Two classes, the Level Rating Class and the Team Racing Class have been invited specially to the event to mark the Royal Yacht Squadron’s 200th anniversary. Both have their own ‘race courses’. On Tuesday the Level Rating class enjoyed their own good racing on the mainland shore opposite Cowes. This fleet of identical Beneteau First 40s, racing separately to the rest of the regatta fleet achieved two races with wins going to a team from Hong Kong and the St. Francis Yacht Club, USA.

‘Race Around the Island’ (RATI) was the main event for Wednesday and was the first chance for the long awaited sight of the three J-Class yachts getting together to race in the Solent. Patient spectators on the shore and in a flotilla of boats had to wait an extra 20 minutes though before the Js, Velsheda, Ranger and Lionheart got into race mode.

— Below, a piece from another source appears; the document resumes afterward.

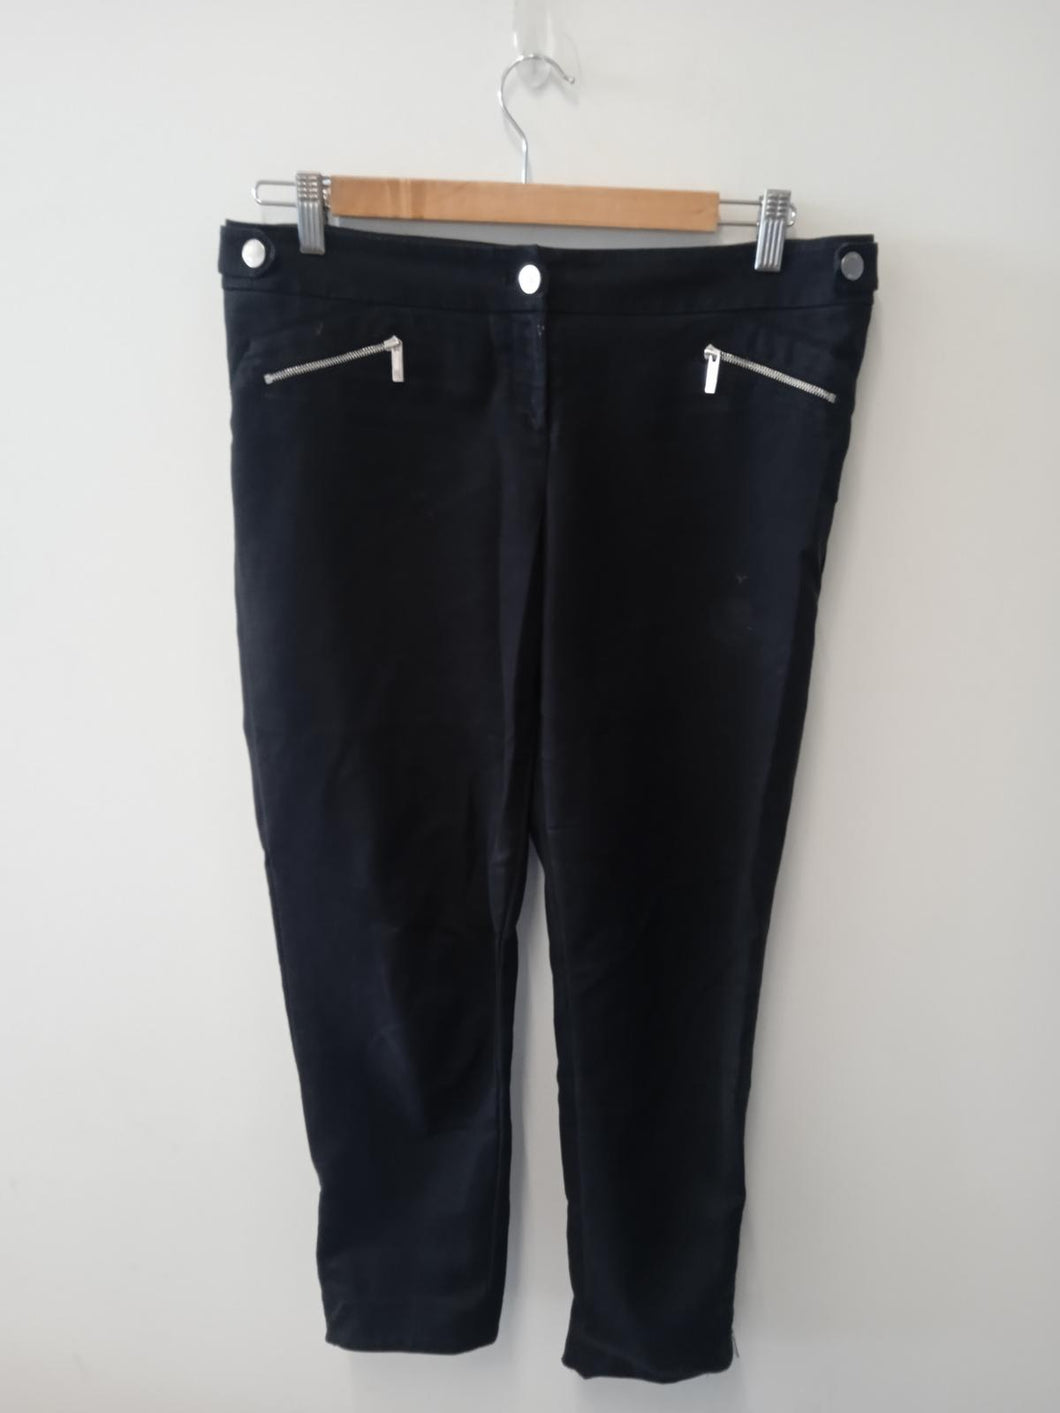 KAREN MILLEN Ladies Black Zip Fly Trousers Size UK12

The Commodore of the Royal Yacht Squadron, Christopher Sharples took the helm of Ranger for part of the race. “We had perfect conditions with a good stiff breeze and a few bumps in the wind against tide conditions off St. Catherine’s. It was a great atmosphere to be on such an iconic yacht surrounded by spectator boats, a very special experience,” he said.
The Js weren’t the first starters of the race however with the first slot going to the three grand Classics, Zybnek Zak’s Eleonora, Mariquita co-owned by John Caulcutt from Yarmouth and Sumurun, owned by A. Robert Towbin. The Fife designed 1911-built Mariquita’s elapsed time of 06:39:51 secured her first place of the three classics.
Sharing their start line was a MOD catamaran Concise 10. “We had a lovely jaunt around the Island,” said helmsman Ned Collier-Wakefield. “It was a little bit less breeze initially than we had hoped for and then a little bit more so at the finish. We came back up from Hurst Castle through the Western Solent to the finish doing a top speed of 32 knots.” Concise 10, not surprisingly, was line honours boat, finishing at 11:41:56, with an elapsed time of 3h and 32m.

On Thursday some of the focus was on the Level Rating Class and the Team Racing Class. The 10 yacht clubs taking part in the Team Racing Event from around the world and the UK were racing on a small course in the sheltered waters of Osborne Bay. On the opposite side of the Solent on the North Shore the Level Rating fleet were competing in equally close races.
With a big change in the weather and with very little wind, Friday’s racing was somewhat tricky. Velsheda maintained her excellent record on what are considered the famous yacht’s ‘home waters’ by winning the class. All three Js sailed a shortened course and Ranger had guest Sir Ben Ainslie on board. The three grand Classics, Eleonora, Mariquita and Sumurun were given one long leg, against the tide, to a mark near the forts off Portsmouth.

Class 4 was abandoned in the light winds while Class 3 had only one finisher, A. Rives Potts’ Carina.

At the end of the regatta a crew member, Richard Mason of Dorade, commenting on the weather said, “Four seasons in one week”. There had been Monday’s gales followed by a gradual wind reduction to the windless afternoon that ended the regatta”.

To round off the regatta competitors were treated to a spectacular parachute display by the Red Devils, who landed in the water near the assembled guests on the Royal Yacht Squadron’s lawn. In wrapping up the event, the Commodore, Christopher Sharples thanked all the crews from the 24 clubs from all over the world for sharing the club’s 200th birthday, saying “This is not just for the club but for the town of Cowes as well. The next two hundred years begins now.”